Баба Уля при этих словах довольно хмыкнула, а Катя прикрыв рот ладошкой, тихонько хихикнула.

 Что ты меня с толку сбиваешь? Забыл вот о чём говорил,  зыркнул дед на бабу Улю. И, собравшись с мыслями, продолжил,  В общем, никто из наших домой возвращаться так рано не хотел, все Анисима уговаривают, мол, чего ты, успокойся, повеселимся, да и пойдём через час-другой.

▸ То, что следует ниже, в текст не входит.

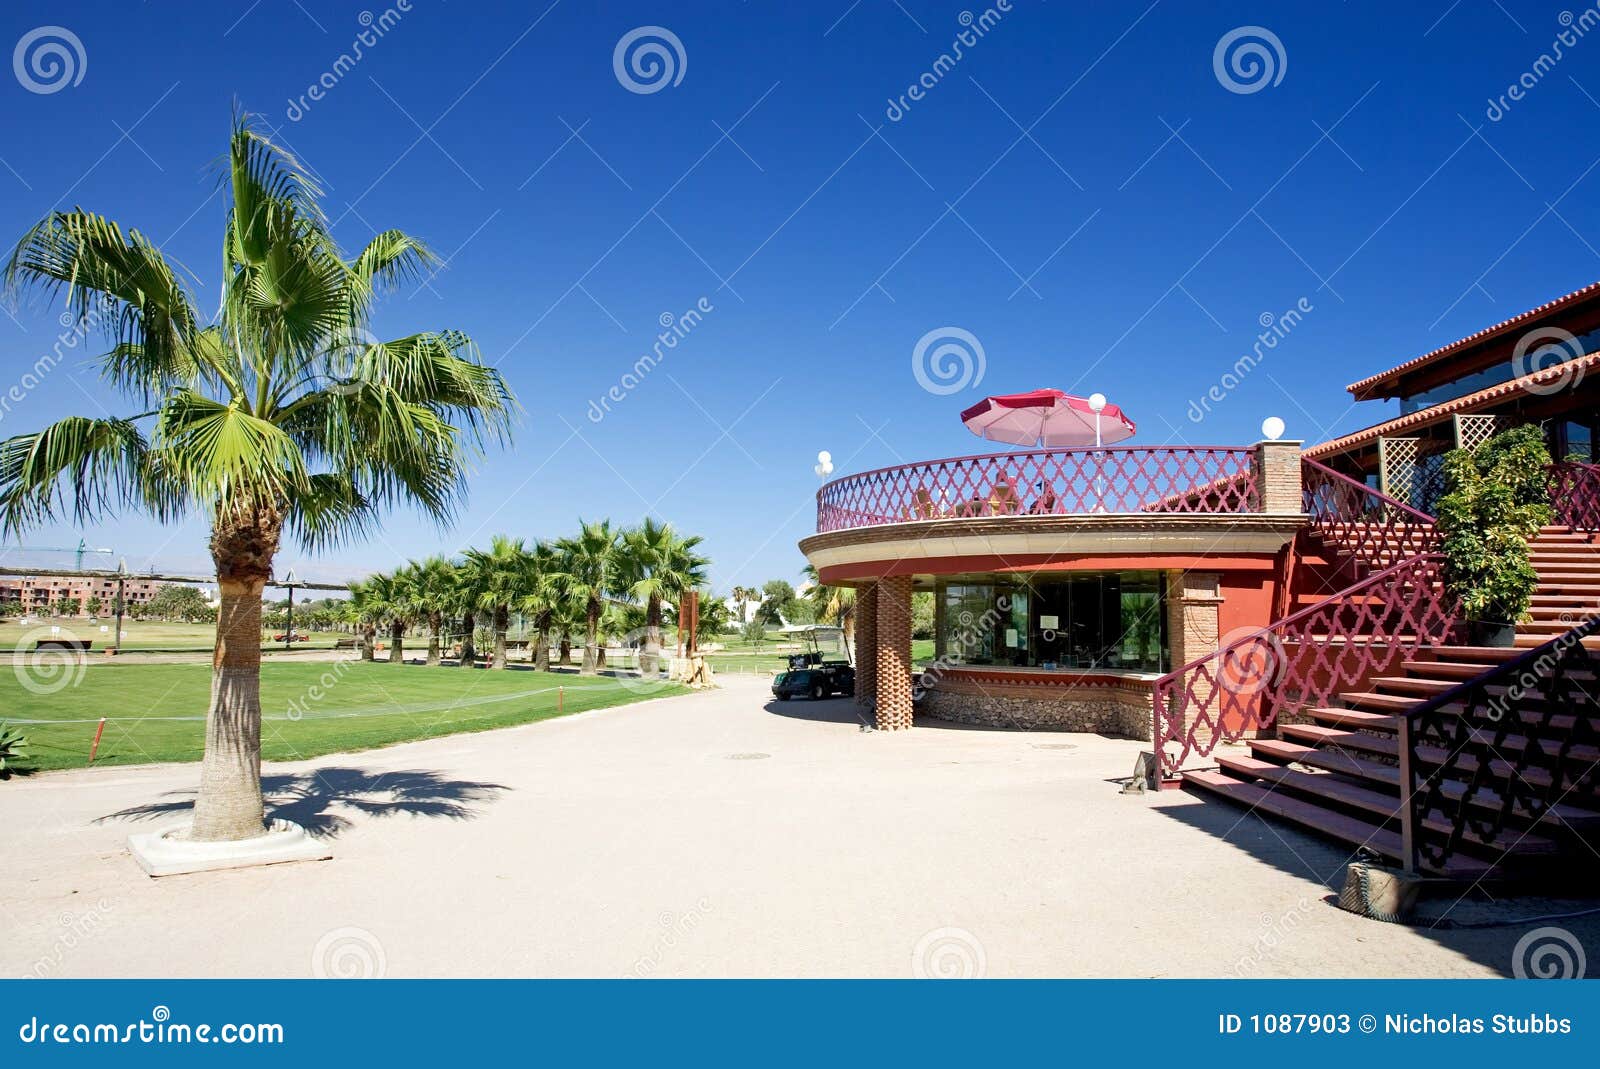 playa serena golf clubhouse on the costa del almeria

Но того, как пчела бешенна ужалила, пойду, говорит, значит один.


Ну мы и махнули рукой, пущай идёт, а чего с ним сделается? Дорога прямая, через поле, ни леса тут, ни реки. Только вот Выселков Лог да и всё. Правда, бабки старые нас стращали байками про этот Лог, мол, блазнится там, да мы молодёжь тогда особливо в это не верили. Ну и ушёл, значит, Анисим, а мы остались в клубе. То да сё, время пролетело, тронулись мы в обратный путь, время уже за полночь было. Вернулись в деревню, тут в окошко тётка Нюра стучит, мать Анисима, трясётся вся. Вышел я на крыльцо, започуяв неладное:

 Что случилось, тёть Нюр?  спрашиваю.

А она в ответ:

 А где ж Анисима оставили? Ведь он с вами уходил!


Тут мне не по себе сделалось. Пошёл я к другим ребятам, надо, говорю, идти искать Анисима. Как бы беды не случилось. Пошли мы в обратный путь по той же дороге. Идём, кричим, зовём его, все кусты придорожные обшарили, как сквозь землю провалился. Кто-то пошутил, мол, он небось в деревне давно, спит где-нибудь на овине, нас попугать решил, отомстить, так сказать, за то, что с ним не пошли. Так дошли мы до Выселкова Лога.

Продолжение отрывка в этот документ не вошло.